In this whenever a selection on the listbox is made changeMap() is called and an image is loaded. What I want to do is, pass the 'value' of the <option> selected, to the function changeMap , so that it can be used there.
How ?
thanks

Edit: nvmind, I found a solution: 
changemap has to be changed to -


> changeMap(this.options[this.selectedIndex].value)


I still don't understand why this works though..


----------



## furious_gamer (Dec 28, 2010)

Because this is the proper way of doing. For all elements in HTML, this.value will get the value of the current element and for a option box u have to use what u posted above, or simple this.value will do.

Before doing anything big, please learn some good old basic Javascript, so that its easy for you in further development.


----------



## akshaykapoor_3 (Dec 28, 2010)

Also go through DOM Model in Javascript which is used to acces various element values in the form or on the page you have designed in HTML.

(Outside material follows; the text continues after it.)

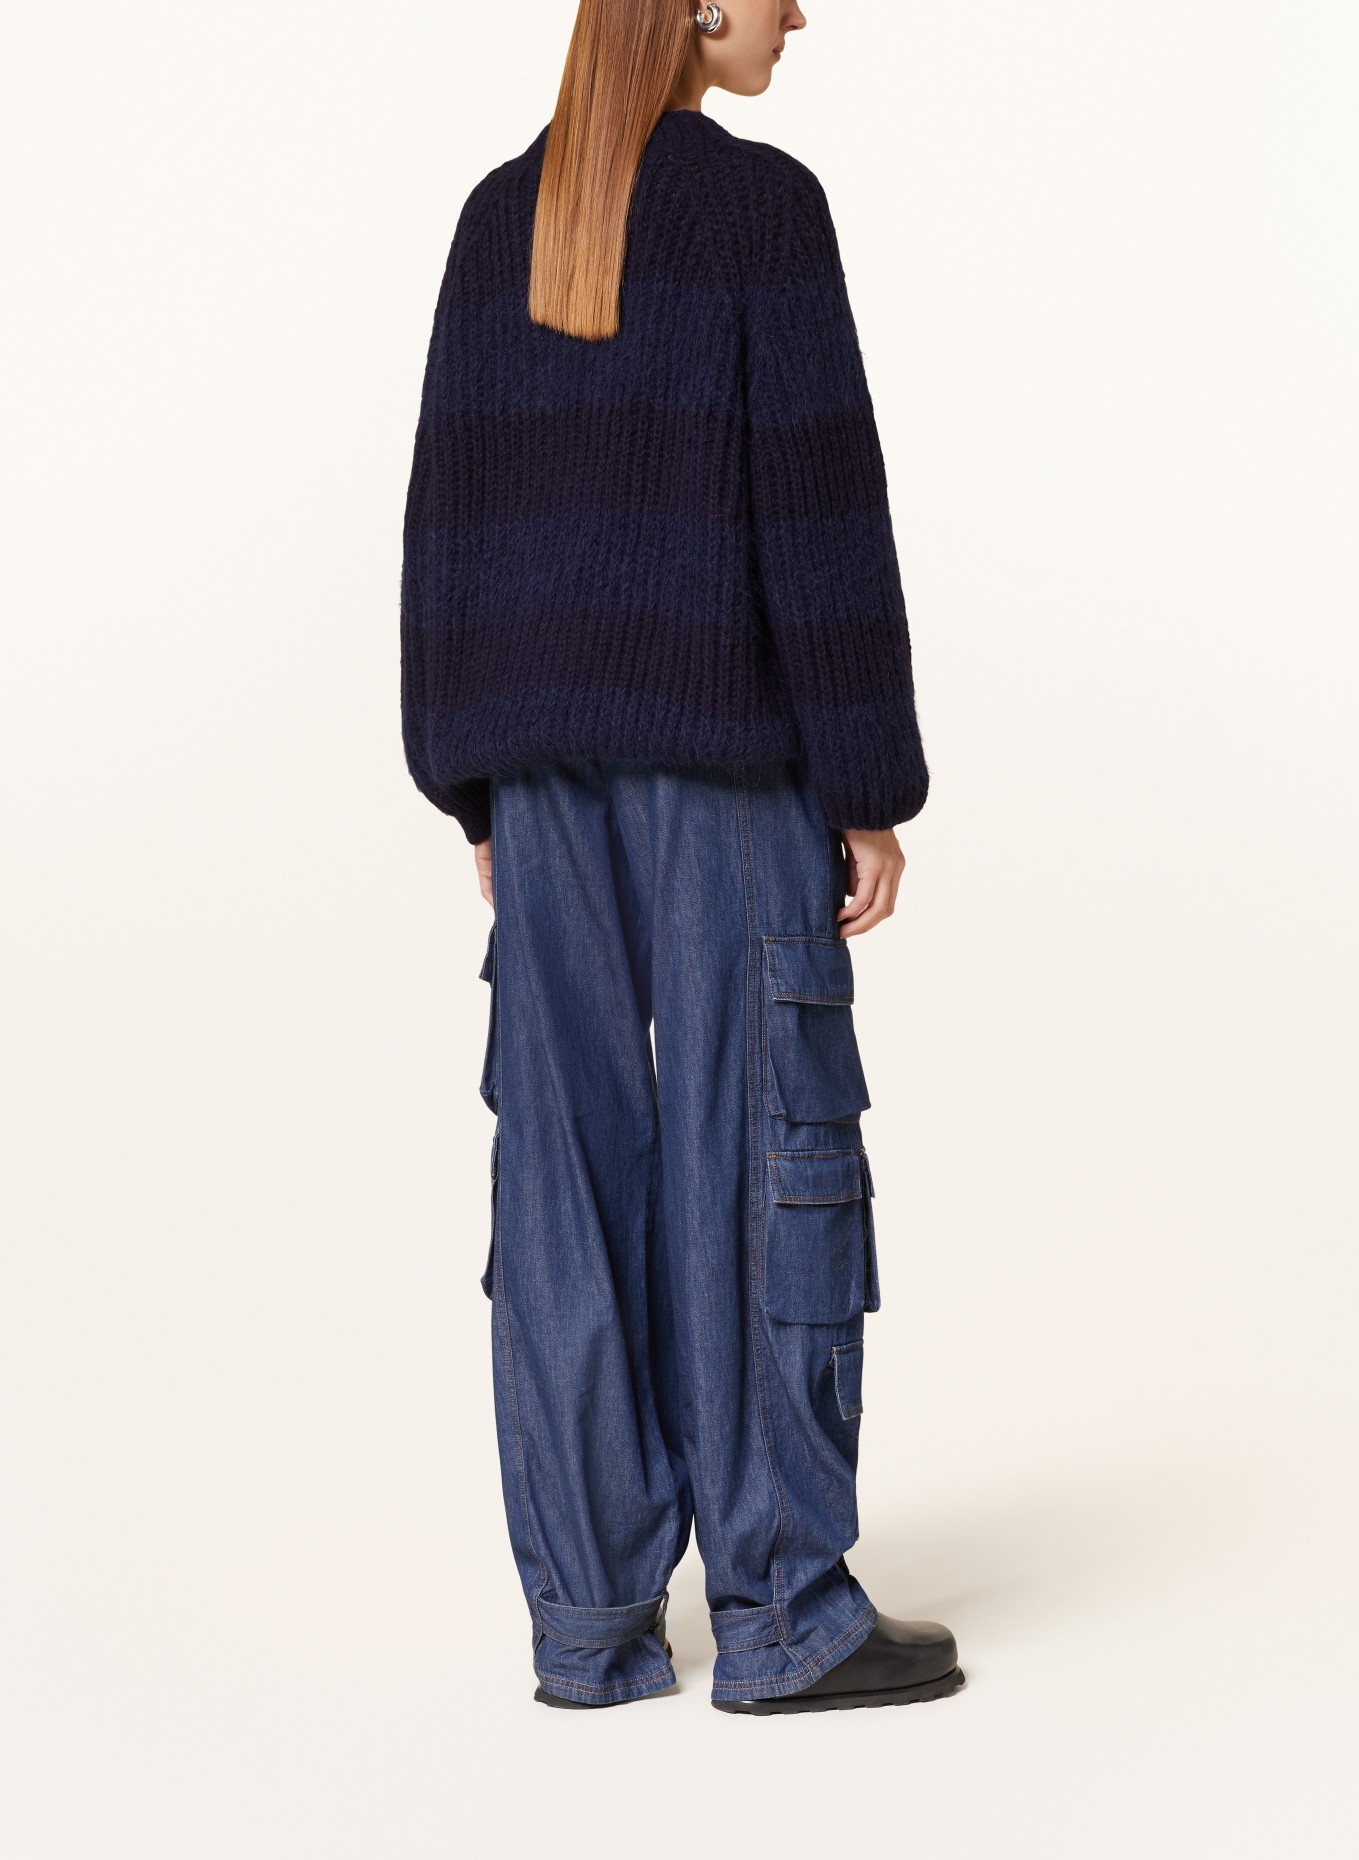 MAIAMI Pullover mit Alpaka, Farbe: DUNKELBLAU (Bild 3)
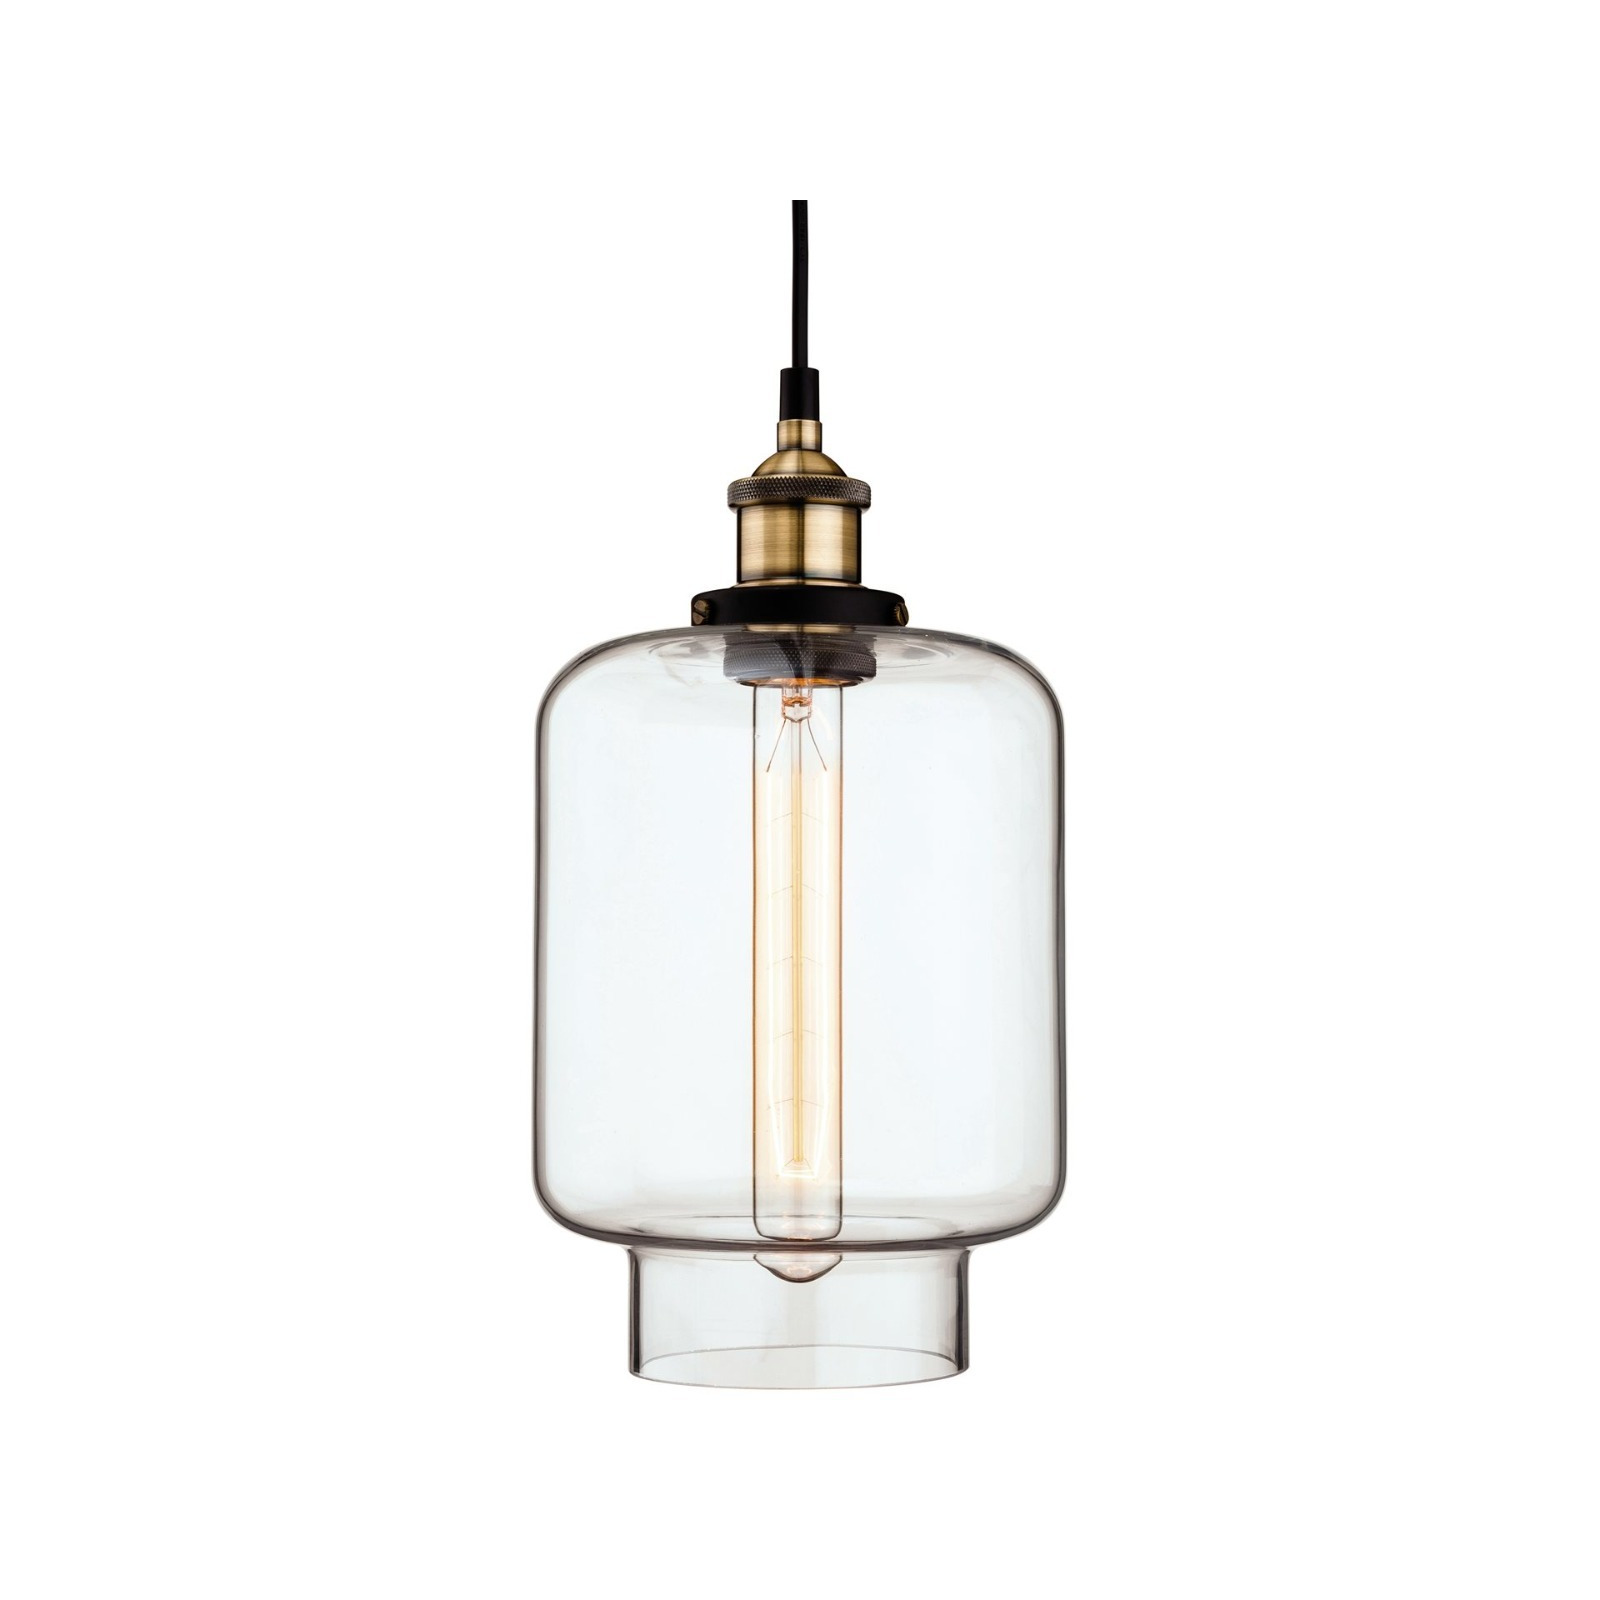 Firstlight Modern Vintage Style Glass Ceiling Pendant Light Shade - 3474AB

Simply put, DOM Model helps you access the variuos form elements in a logical heirarchical manner. <this.value> although acts as a shortcut and will work in all cases but the proper way to access would be in a somewhat logical statement such as:

document.<form name>.<element name>.<value>  where form name,element name and value would be custom names assigned by you to the elements in the "id" attribute of tags. Hope that helps


----------



## Nemes!s (Feb 4, 2011)

"this" is a keyword for referencing to the current instance of the object..in your case it is listbox..

Check out this article about this Javascript - The this keyword


----------